# Small Muzzles



## bails007 (Mar 7, 2008)

Hi,

Does anyone know where i can buy really small muzzles? or there was something on here a few weeks ago about something like a muzzel but it just goes over the mouth bit - looks like a bit of material wrapped around mouth.
But i cant find that post - someone uploaded a pic of their dog wearing it!

Im based in the UK but if theres any american websites that ship to UK thats just as good. I cant find nothing that size for Honey!

Pllease help
Sarah


----------



## katsrevenge (Nov 24, 2008)

Have you looked at cat muzzles? I saw one the other day that was chi sized.


----------



## MarieUkxx (May 19, 2009)

I've got one for Cookie it's black and it's just like thick material. His mouth is very awkward because he has a bad overbite but it works on him. I can't remember where I got it. Give me a sec and I'll find one for you.


----------



## MarieUkxx (May 19, 2009)

http://cgi.ebay.co.uk/Small-Black-Nylon-Dog-Grooming-Muzzle-12cm-Size-1_W0QQitemZ160341514814QQcmdZViewItemQQptZUK_Pet_Supplies_Dogs?hash=item2555195a3e&_trksid=p3286.c0.m14


----------



## MarieUkxx (May 19, 2009)

I got one like that for Cookie as it just clips shut and it's adjustable. I was able to use it on Benny my larger Chi at the time and Cookie by just adjusting the strap.


----------



## MarieUkxx (May 19, 2009)

There are loads on ebay.

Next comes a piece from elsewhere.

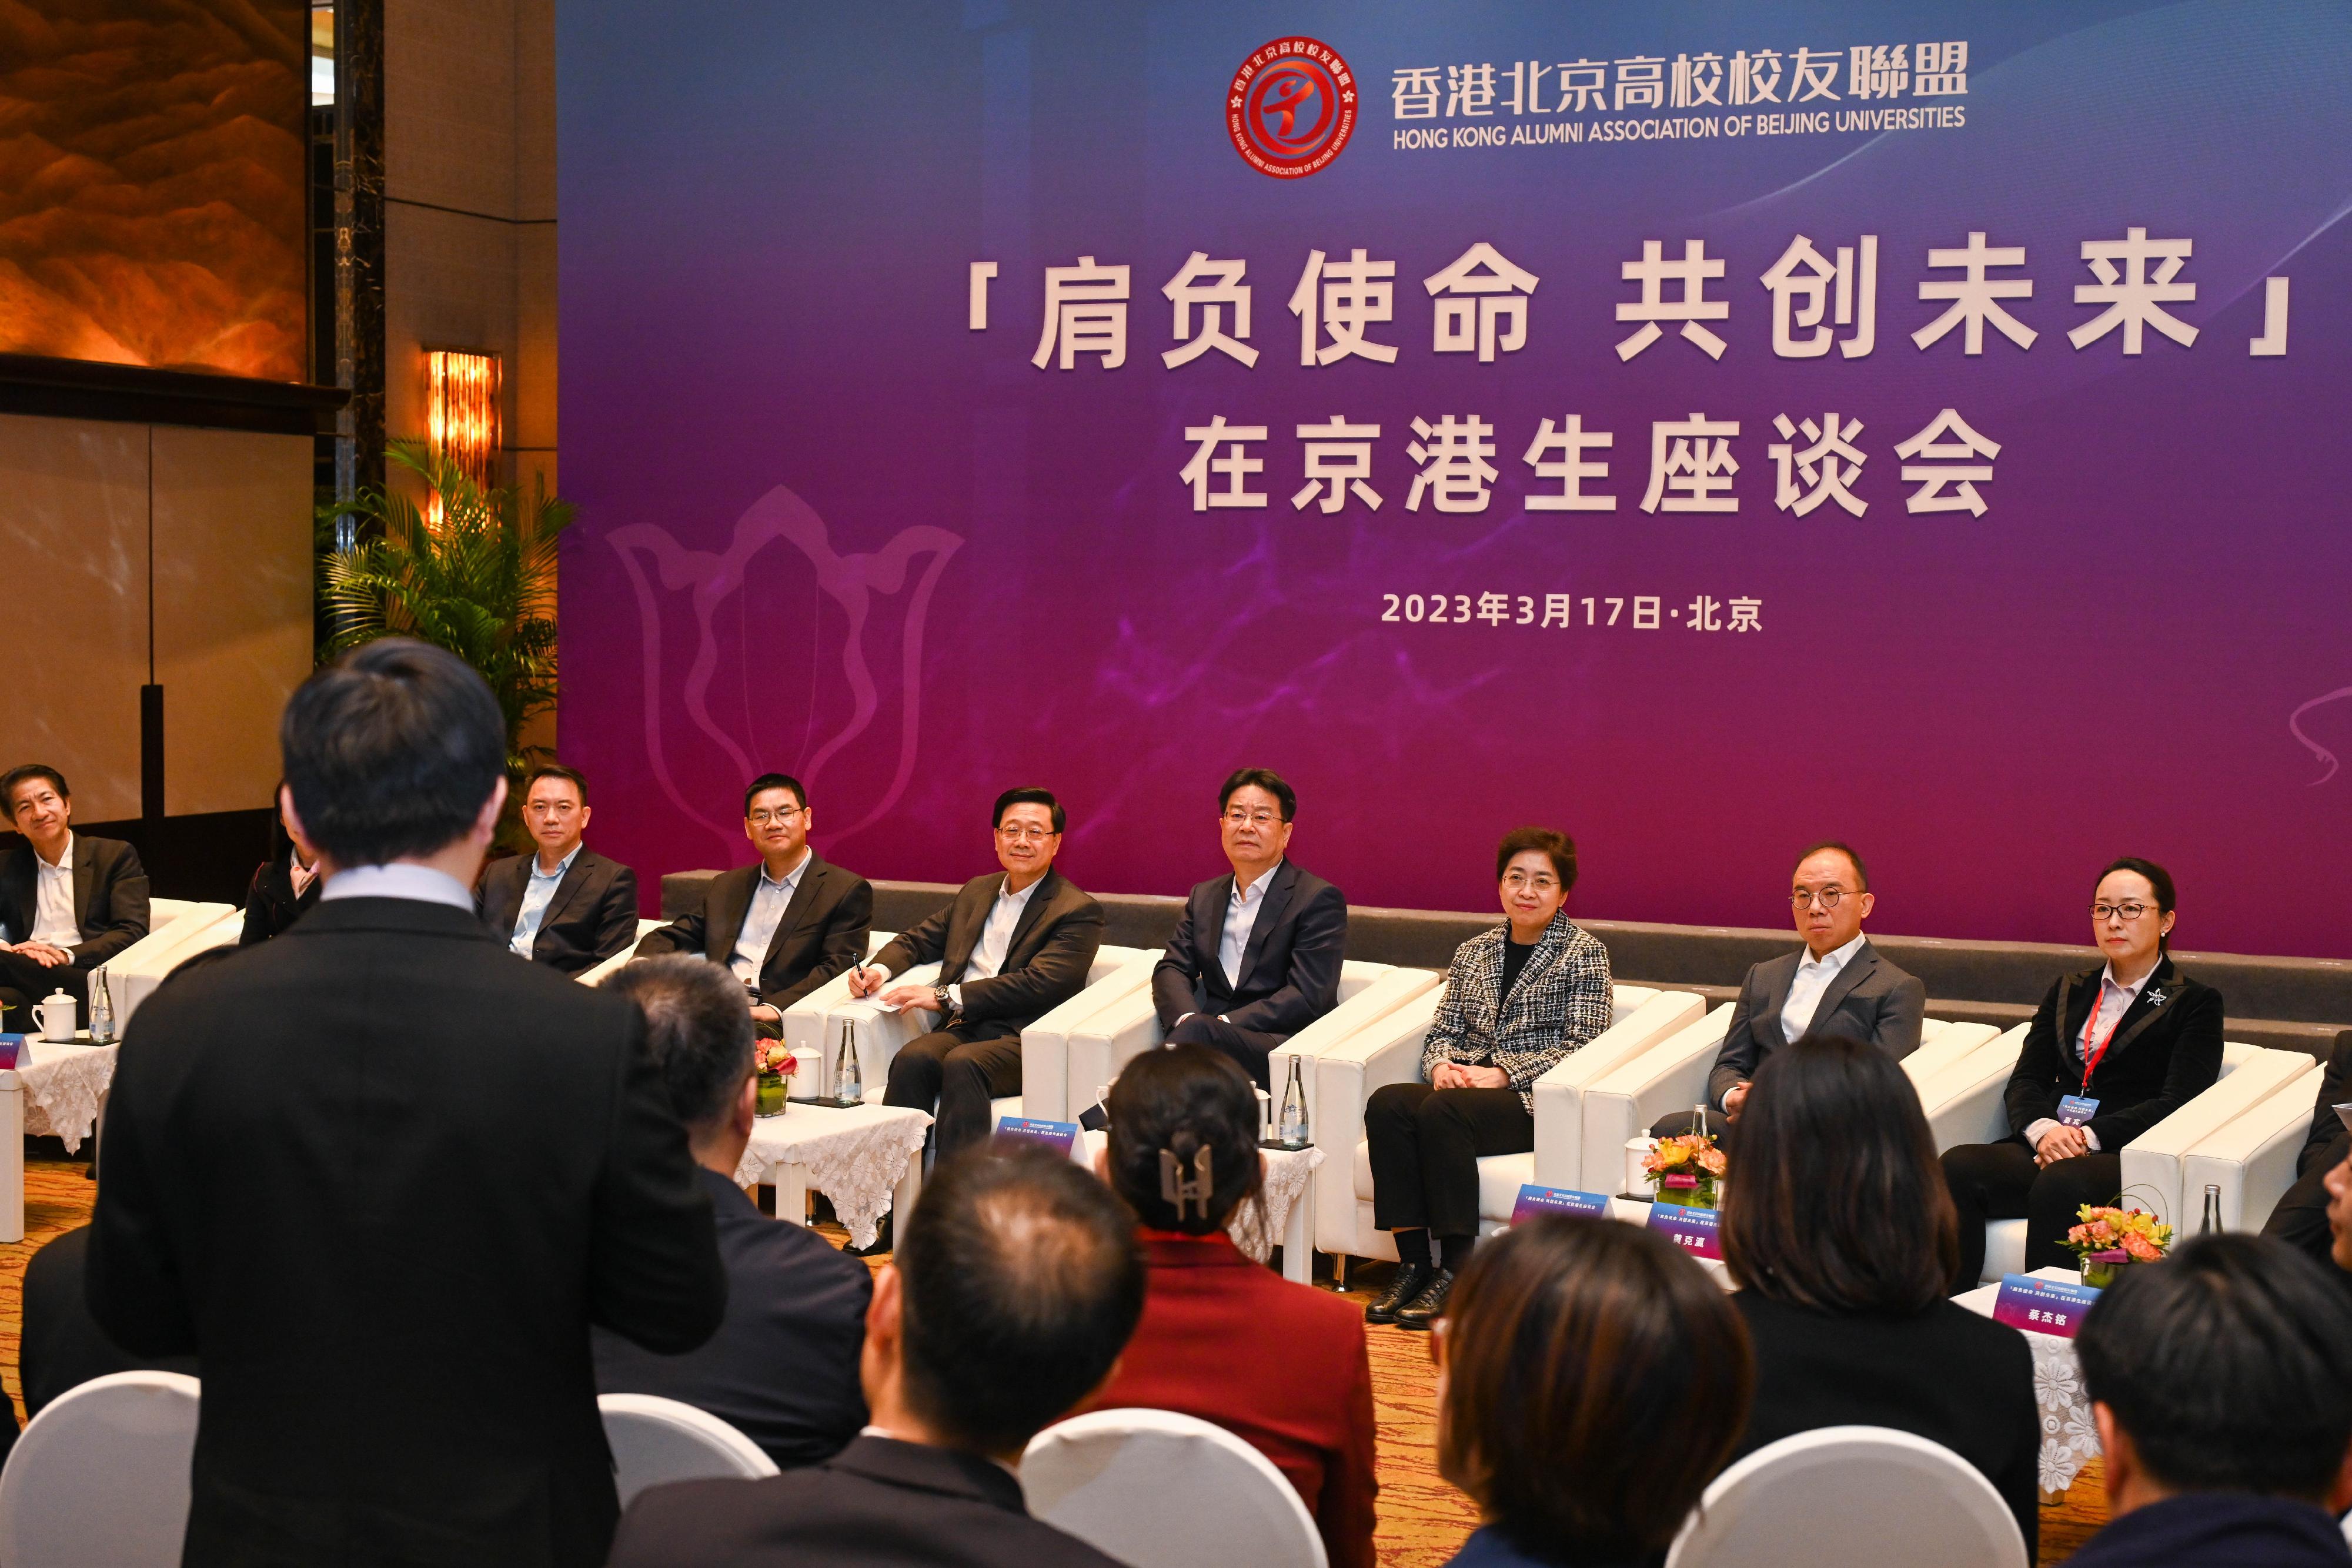 The Chief Executive, Mr John Lee (fifth right), attended a seminar organised by the Hong Kong Alumni Association of Beijing Universities in Beijing today (March 17). Also joining the seminar is the Secretary for Constitutional and Mainland Affairs, Mr Erick Tsang Kwok-wai (second right).

Just put in small dog muzzle. They have even smaller ones too. Here is another it's xs:
http://cgi.ebay.co.uk/Small-Black-Nylon-Dog-Grooming-Muzzle-12cm-Size-1_W0QQitemZ160341514814QQcmdZViewItemQQptZUK_Pet_Supplies_Dogs?hash=item2555195a3e&_trksid=p3286.c0.m14


----------



## Brodysmom (Jan 8, 2009)

Why do you need a muzzle?


----------



## Rosiesmum (Oct 14, 2007)

Brodysmom said:


> Why do you need a muzzle?


I was wondering that too...

x


----------



## MarieUkxx (May 19, 2009)

Well I have a muzzle for Cookie for when he goes to the vet and certain things are done, like nail clipping. He actually bit my vet last time and drew blood! He can be very snappy at times as he hates being messed about with. I only use it for things like that nothing else. It goes on, whatever needs to be done is done and it comes straight off. I wouldn't use one for Lola. I'm teaching her to get used to EVERYTHING now at an early age so that she doesn't get snappy.


----------



## Rosiesmum (Oct 14, 2007)

MarieUkxx said:


> Well I have a muzzle for Cookie for when he goes to the vet and certain things are done, like nail clipping. He actually bit my vet last time and drew blood! He can be very snappy at times as he hates being messed about with. I only use it for things like that nothing else. It goes on, whatever needs to be done is done and it comes straight off. I wouldn't use one for Lola. I'm teaching her to get used to EVERYTHING now at an early age so that she doesn't get snappy.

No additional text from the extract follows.